NSAID | ACS | All-cause death | ACS or All-cause death |
---|---|---|---|
Indometacin | 0.71 (0.70, 0.72) | 0.81 (0.80, 0.81) | 0.77 (0.77, 0.78) |
Sulindac | 0.84 (0.78, 0.89) | 0.82 (0.80, 0.84) | 0.82 (0.80, 0.84) |
Diclofenac | 0.67 (0.66, 0.68) | 0.80 (0.79, 0.80) | 0.74 (0.74, 0.75) |
Piroxicam | 0.66 (0.65, 0.68) | 0.80 (0.79, 0.81) | 0.73 (0.72, 0.74) |
Meloxicam | 0.70 (0.69, 0.70) | 0.80 (0.80, 0.81) | 0.75 (0.74, 0.75) |
Ibuprofen | 0.71 (0.70, 0.73) | 0.82 (0.81, 0.82) | 0.76 (0.75, 0.77) |
Naproxen | 0.71 (0.70, 0.72) | 0.82 (0.81, 0.82) | 0.77 (0.77, 0.78) |
Ketoprofen | 0.71 (0.69, 0.73) | 0.79 (0.78, 0.80) | 0.73 (0.72, 0.74) |
Tiaprofenic acid | 0.77 (0.72, 0.82) | 0.85 (0.83, 0.87) | 0.83 (0.80, 0.85) |
Rofecoxib | 0.710 (0.705, 0.714) | 0.821 (0.819, 0.823) | 0.78 (0.77, 0.78) |
Celecoxib | 0.72 (0.71, 0.72) | 0.811 (0.809, 0.813) | 0.772 (0.770, 0.774) |
NSAID non-steroidal anti-inflammatory drug, GBM gradient boosting machine.
Feature importance
Figure 4 shows the ranked feature importance for predicting adverse CV outcomes by GBM controlling for age, sex, comorbidity history and drug history.

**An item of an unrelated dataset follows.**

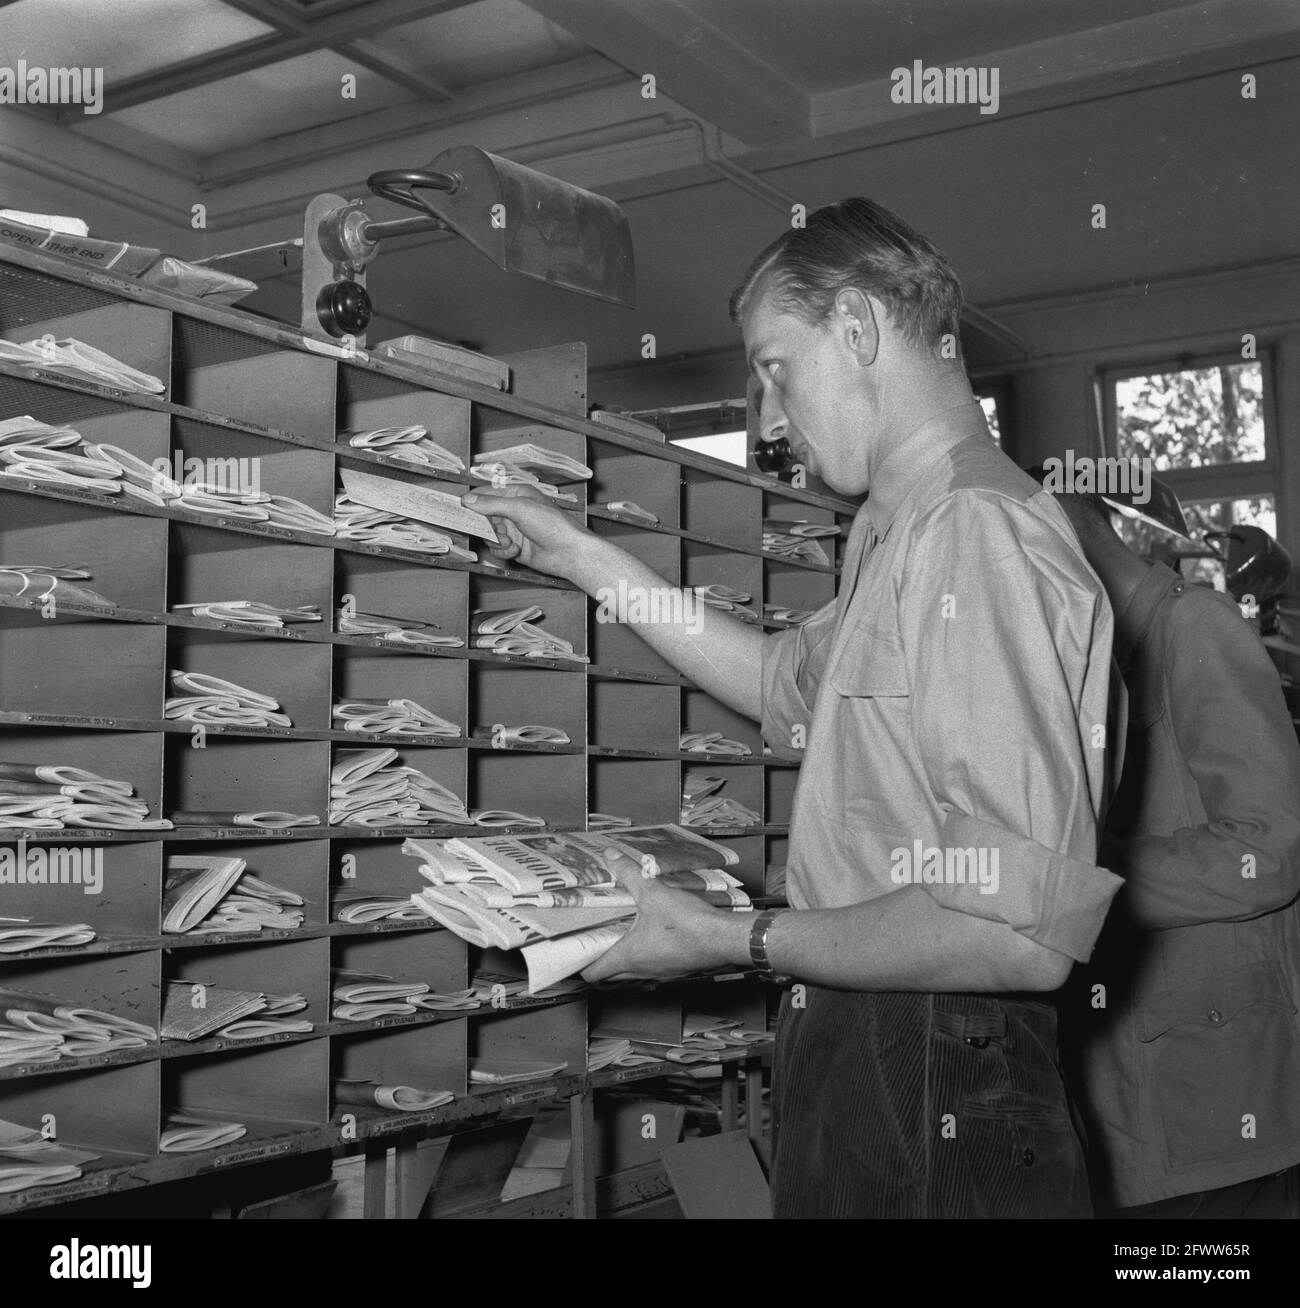 Assignment CNV. Letter carrier sorting, September 20, 1956, letter carriers, post offices, The Netherlands, 20th century press agency photo, news to remember, documentary, historic photography 1945-1990, visual stories, human history of the Twentieth Century, capturing moments in time Stock Photo

After controlling for these confounders, cyclooxygenase-2 (COX-2) inhibitors (rofecoxib, celecoxib and meloxicam) were ranked highest among all NSAIDs for predicting the risk of ACS and death (Fig. 4a,b). Naproxen, ibuprofen and ketoprofen were ranked lower compared with COX-2 inhibitors. Due to the small sample size of some NSAIDs such as tiaprofenic acid and mefenamic acid, their relative feature importance was at the bottom of the list. Similar results were found for the composite outcome (Fig. 4c). As shown in Supplementary Fig. S2A–C, confounding features were prominent, with age the most important predictor among all the features. History of cardiovascular diseases such as ischaemic heart disease and heart failure were also ranked high for predicting ACS, followed by drug group Cardiovascular system (C) and Nervous system (N). Cancer and heart failure history were important features associated with death, as well as drug group (N), and Musculo-skeletal system (M).
Discussion
This study presents a set of machine learning models for predicting the risk of ACS and all-cause death after dispensing of NSAIDs using data from PBS, HMDC and death in Western Australia. We focused specifically on elderly patients (age ≥ 65 years) who had at least one NSAID supply. The prediction is based on the features including age, sex, medication history and disease history, which are routinely collected in administrative data. This approach encompasses a wide array of patients to reflect the population of patients taking NSAIDs in Western Australia. The machine learning based predictive models showed greater sensitivity, specificity and AUC-ROC values compared with the classical Cox-regression approach. GBM presented the best predictive performance for the machine learning models we tested.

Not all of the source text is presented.